In those countries where the demographic transition is not under way, family planning programs generally reach only a small proportion of the population. They do serve an educational role, and they do reduce births. However, without the associated economic change they cannot achieve large impacts on fertility rates.
Family planning services are often provided both by public health systems and by private suppliers. When the development-based demand conditions for contraception improve, public and private suppliers of contraceptives and contraceptive information find expanded markets. There is also a related demand for better health care and nutrition, and programs providing these services become highly effective. (These programs are also effective in countries not yet entering the demographic transition.)
Thus population control options exist in countries not achieving economic growth development, but they probably cannot produce large changes and initiate a large demographic transition unless economic development takes place. When development does occur, the demographic transition can be very rapid, as demonstrated by Taiwan, Singapore, Hong Kong, and South Korea.
This interaction or complementarity between economic and social change and the demand for and effectiveness of population programs has two implications for greenhouse gas policy. The first is that the effectiveness of a population program is itself limited by economic and social conditions. The second is that this interaction effectively removes much of the apparent conflict between the objectives of reduced population growth and increased per capita income. It is not a practical option to achieve a major reduction in population growth without some increase in per capita income. Indeed, there is some evidence not only that population programs are more effective
when incomes grow but also that such programs themselves induce income growth.
The analysis of population programs as a mitigation option has two parts. The first, as discussed above, is an examination of the apparent conflict between greenhouse gas concerns and income growth. The second is a calculation of the greenhouse gas emission reduction associated with a reduction in births.
This attempt to determine the actual impact of population policies on greenhouse gas emissions begins with a question. Would a country that failed to achieve a demographic transition and also failed to achieve economic growth emit more greenhouse gases over the next century than a country that achieved a demographic transition and economic growth as well?
To address this question, the panel has chosen to analyze the actual experiences of developing economies over the past 25 to 30 years.
The World Bank's annual World Development Report (World Bank, 1989) classifies developing countries as low income (excluding China and India), lower-middle income, and upper-middle income. The newly industrialized economics (NIEs) are middle-income (South Korea, Brazil) or high-income (Singapore, Hong Kong) countries.
By utilizing these categories of actual economic growth experience and projected population growth rates, the scenarios for population, per capita income, CO2 emissions, and the family planning effect are computed and reported in Table 26.1. Each group of countries is indexed to 1.00 in 1990. Thus numbers reported for the years 2020, 2050, and 2100 are multiples of the 1990 base. For a more detailed explanation of the procedures used to derive Table 26.1, see Appendix N.

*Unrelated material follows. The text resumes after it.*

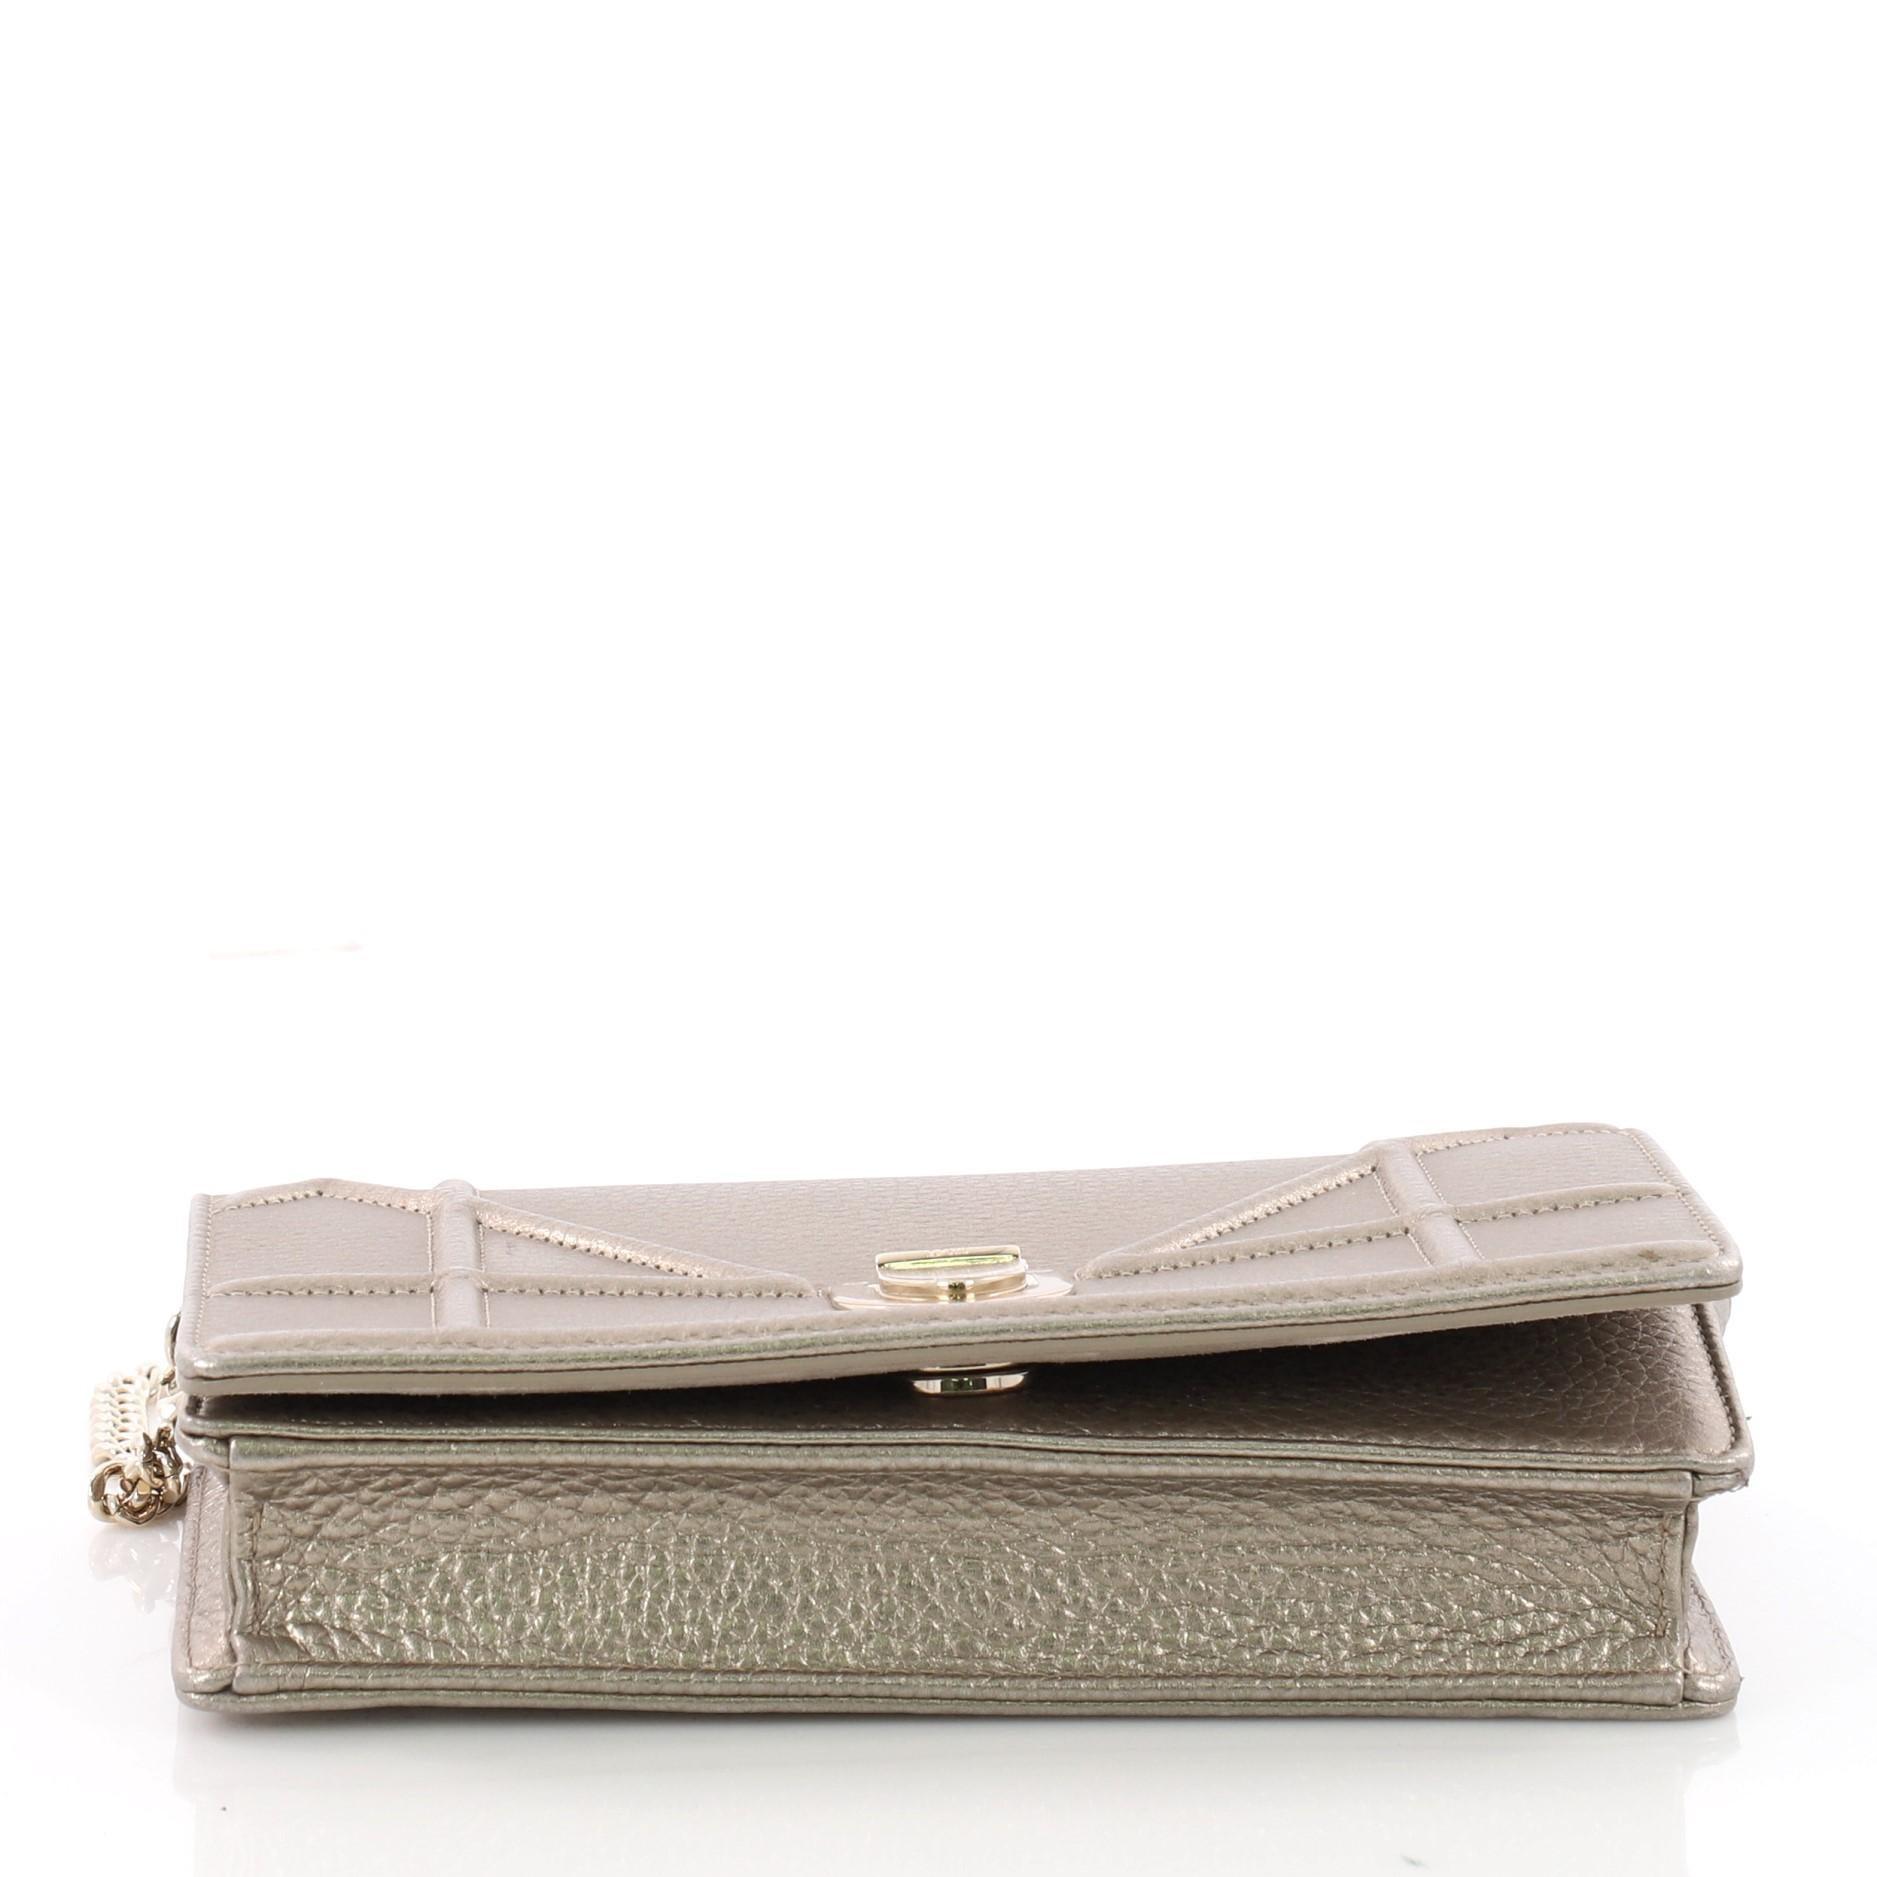 0acbd75322b11 Christian Dior Diorama Leder-Geldbörse an einer Kette bei 1stdibs
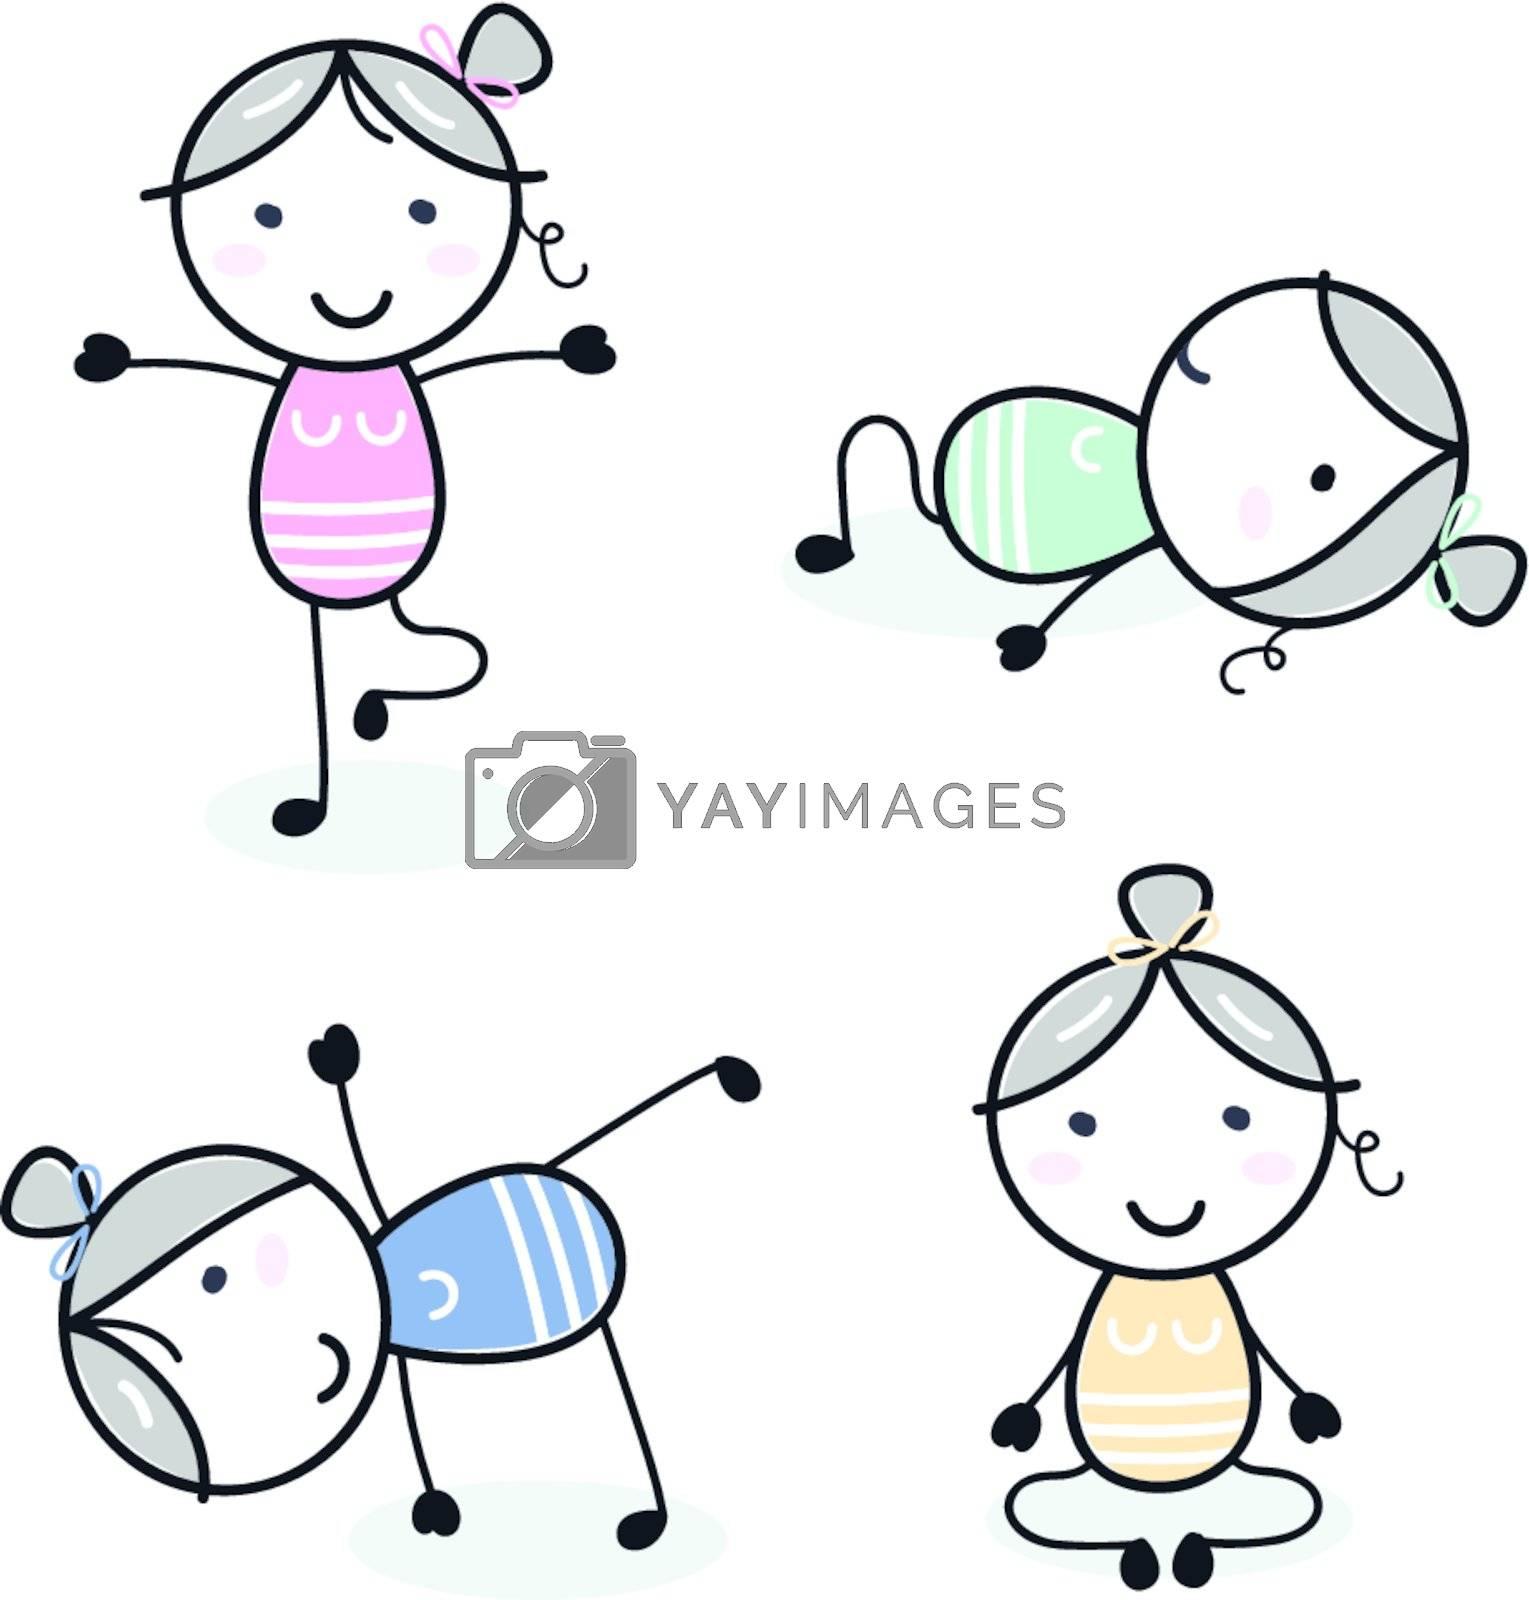 Retro women in doodle style practicing yoga. Vector

According to this analysis, the apparent conflict between economic development programs and greenhouse gas concerns is not an actual conflict. Countries that are able to achieve rapid economic growth (NIEs) also achieve earlier and more rapid population declines. After a century, these countries will not have emitted substantially more greenhouse gases than countries that remain poor. Thus support of both population and economic development programs is not self-defeating from a greenhouse gas mitigation standpoint. However, it is important to note that countries experiencing rapid economic growth will need greenhouse gas mitigation programs similar to those needed for developed countries.
Barriers to Implementation
The experience of demographic change in the twentieth century indicates that large-scale economic, institutional, and social changes accompanyand may causedeclining birth rates. The institutional changes include
TABLE 26.1 Relationship Between Population and Greenhouse Gas Emissions
social insurance, so that parents need not rely on their descendants for material support in old age. Changes in the status of women also appear to be influential in the decisions of women to limit family size. Government policies to guarantee the material support of the elderly connect to a wide range of fundamental policy issues, including the evolution of the macro-economy and the labor force. For matters of this scale, political will is an indispensable element of policy formulation. Similarly, the reverberations of changes in family size and the status of women are too large to be set aside in policy design. These matters of national interest are central to the international discussion of population.
Accordingly, although specific policy alternatives abound in areas such as tax treatment of children and provision for the costs of child-rearing, including education and health care, uncertainties remain as to the nature of the most successful strategies for population policy. Within the United States, the controversy surrounding abortion as a means of controlling family size has complicated discussions of a national population policy and the demographic components of U.S. foreign policy.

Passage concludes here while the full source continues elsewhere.